# Gains Before & After Squats/Legs



## MusclePlz (Mar 28, 2010)

Hi,

Just researching up on how important legs are to make your whole body grow, on the basis of your body releasing more testosterone.

Do any of you experienced BB remember your general strengh and overall size drastically increase when you started throwing squats and leg workouts in your routine?

Thanks


----------



## Bamse (Feb 5, 2011)

I've always trained legs, so can't really comment. But one reason many people experience increases in general strength when they start squatting, for example, is that it is a general strenght-builder in that it works your core in a way few other exercises do.
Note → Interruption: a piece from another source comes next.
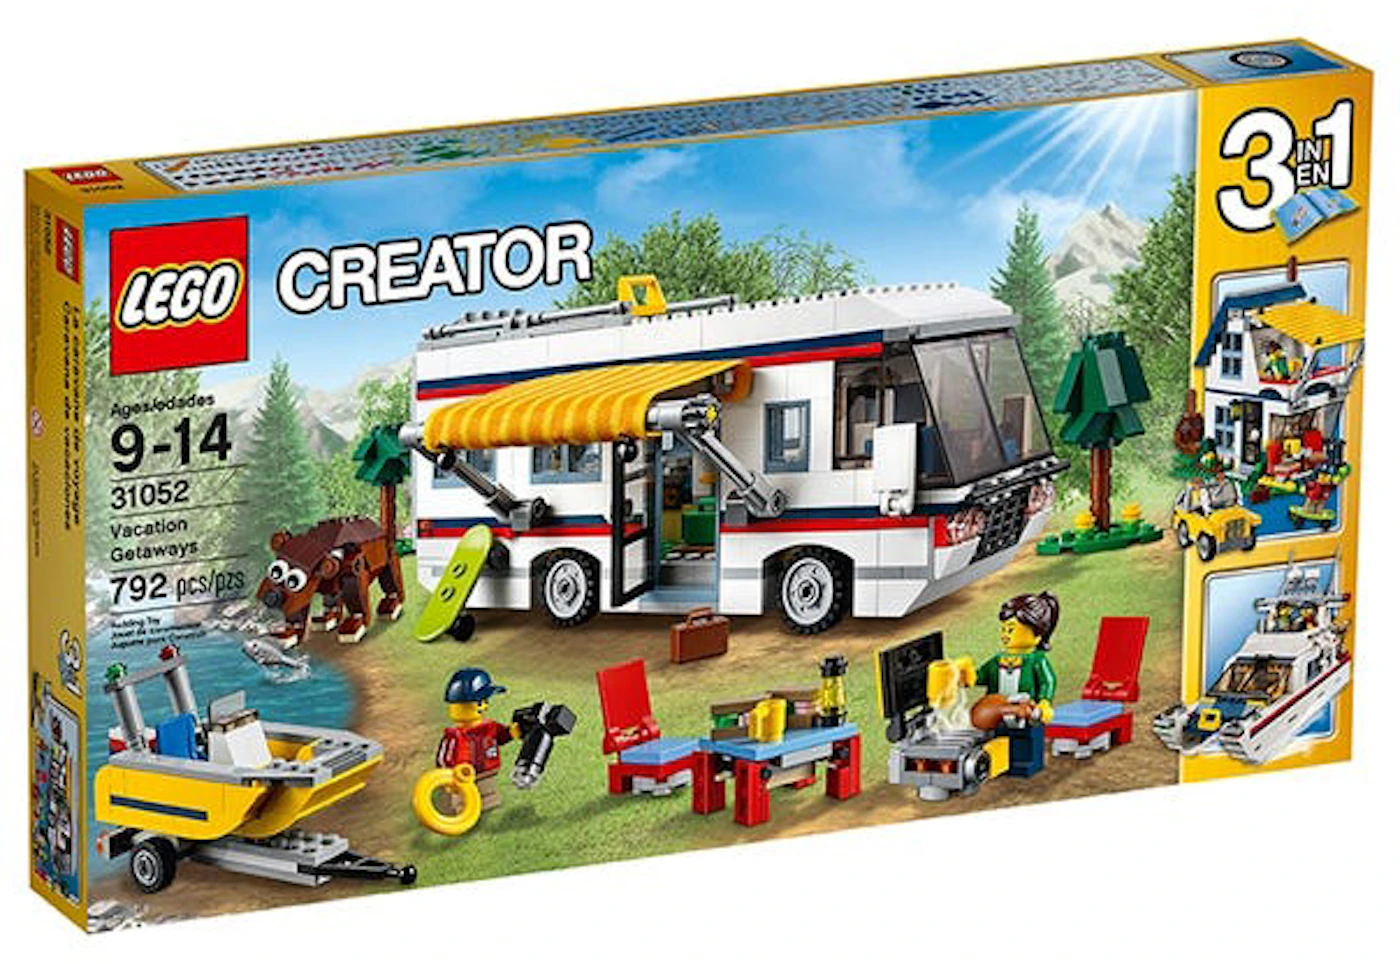 LEGO Creator Red Jeep Set 7803 - US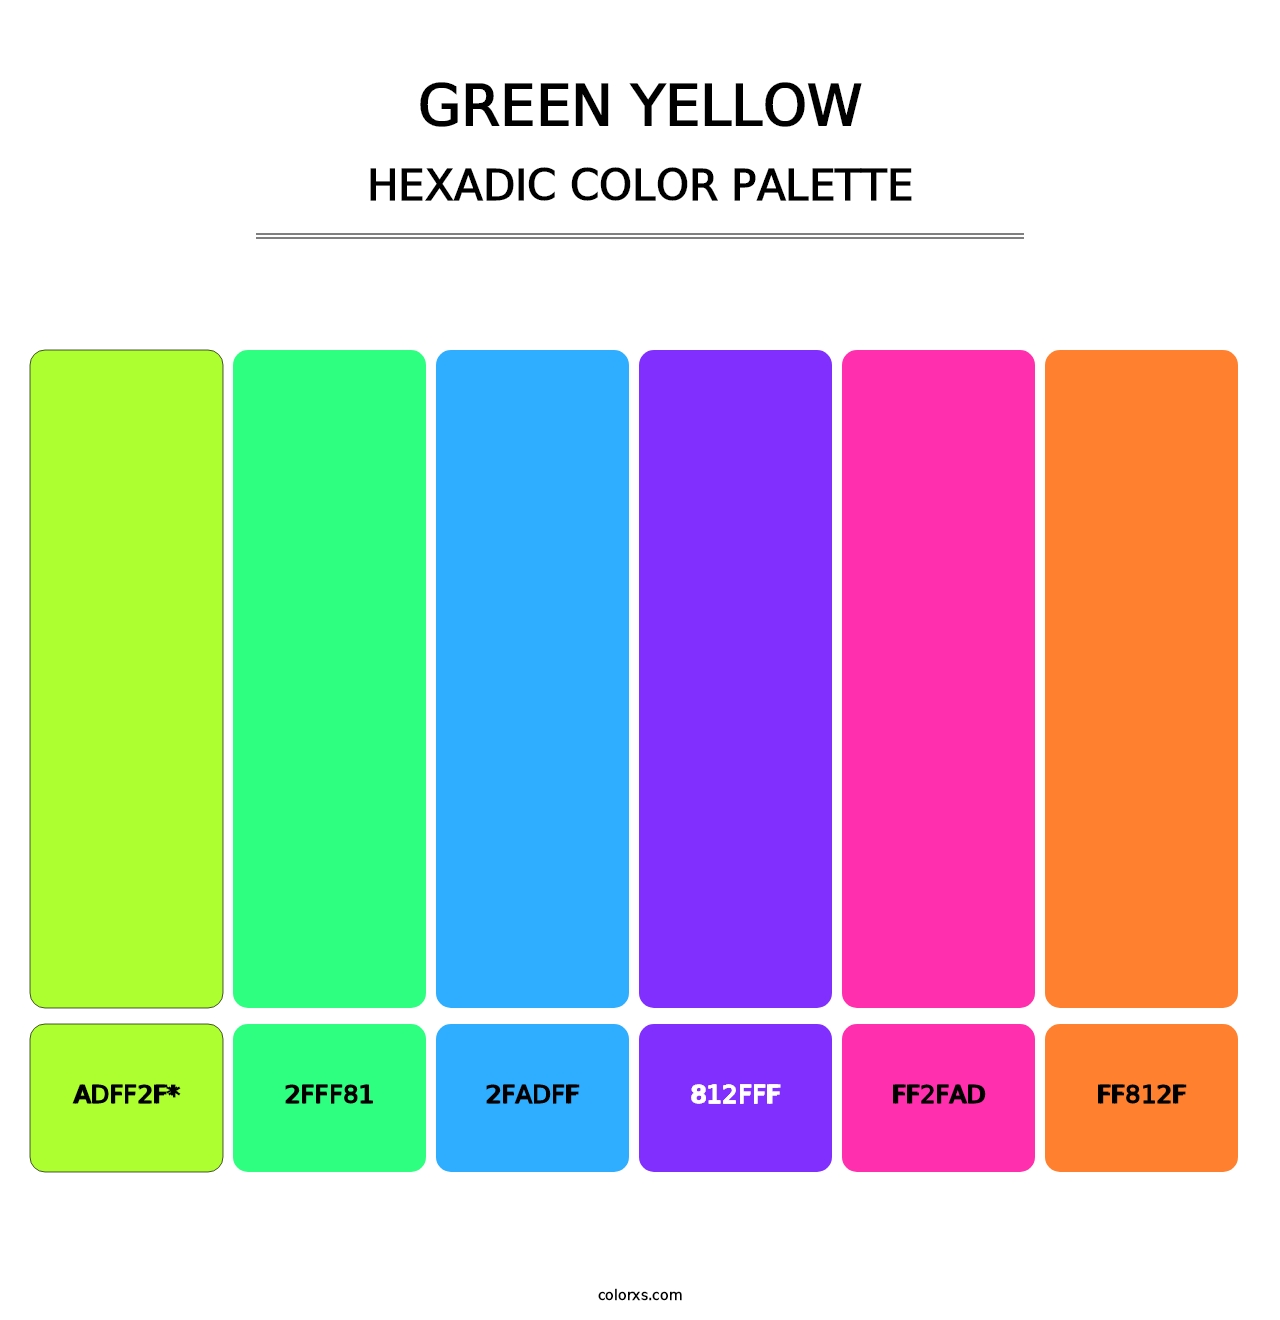 Green Yellow - Hexadic Color Palette

And if you have a weak core to begin with, strengthening it can make a significant different to your overall performance.


----------



## JANIKvonD (Jul 7, 2011)

squats n deads are the big daddys as far as testosterone and hgh release. not sure about a wee strength boost in the upper body to begin with but over time ur overall strenght and mass would improve greatly vs without them "u aint squat unless u squat"


----------



## murphy2010 (Dec 17, 2010)

I did squats first time today 

Lol'd at the weight tho, legs were shaking when i just used 20kg each side LOL


----------



## JANIKvonD (Jul 7, 2011)

ull be in bits for days mate...weight will shoot up tho


----------



## Wardy211436114751 (Jan 24, 2011)

Once I started training squats my weight/strength did increase a lot all round after a month or two. Also I used to deadlift but not squat and when I deadlifted my legs used to shake when doing sets and now that pretty much never happens.


----------